Football headlines in recent weeks have been dominated by reports if Luis Suarez, striker for Liverpool and Uruguay will be moving from Anfield this summer, with Arsenal reportedly being a likely destination for the forward. This after Arsenal made a cheeky bid of £40M and 1 pound to trigger the supposed £40M release clause in his contract.

Despite Liverpool insisting the player is not for sale, Suarez himself has claimed that the club promised him that he would be able to leave if they failed to qualify for the Champions League. This has been categorically denied by Liverpool manager Brendan Rodgers.

As the controversy surrounding the transfer saga continues, it is important to take a few employment law lessons from this episode.

First as in all matters, putting stuff down in writing helps. This is especially true for employers and their agreements with employees, but also for employees in their claims against their managers and supervisors. As I frequently remind my clients, if you want to have a viable claim under Title VII, put the complaint down in writing and send it to the employer’s Human Resources Department. Absent that, the employer is simply going to deny that you ever made a complaint concerning workplace conduct or behavior. This is also the case, when you are requesting a pay raise or for that matter was assured a pay raise, or any other promise by an employer.

In the case of the Suaraz sale, Luis could well have saved himself the uncertainty surrounding his transfer, if only he had placed his condition for release in writing. Having failed to do that, the controversy is now being litigated in the national newspapers.

The second advantage in putting claims down in writing, is that it get rids of uncertainties. Verbal agreements are evidentially difficult to prove. That is why general guidance states that there should still be some form of written evidence regarding a verbal agreement with both parties usually signing a document to evidence their agreement.

Otherwise, as evidenced by the controversy surrounding the Suarez saga, it can be tough to prove, exactly what each party has said and ultimately agreed to.

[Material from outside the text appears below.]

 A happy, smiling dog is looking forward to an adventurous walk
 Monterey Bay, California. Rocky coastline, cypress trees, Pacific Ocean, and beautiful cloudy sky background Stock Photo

From a personal perspective however, as Suarez was the penultimate top scorer in the English league last year, scoring 29 goals in all competitions, it would be silly of Liverpool to sell him to a rival club, especially when in this case, both Arsenal and Liverpool are challenging for the coveted top 4 spot guaranteeing European football. Considering the league campaign is a mere 3 days away, with Liverpool kicking off the competition against Stoke City, we are hopeful that this drama can be resolved soon, in favour of the club. If so, we will be back cheering for Luis Suarez as he bags in more goals for the mighty reds! YNWA.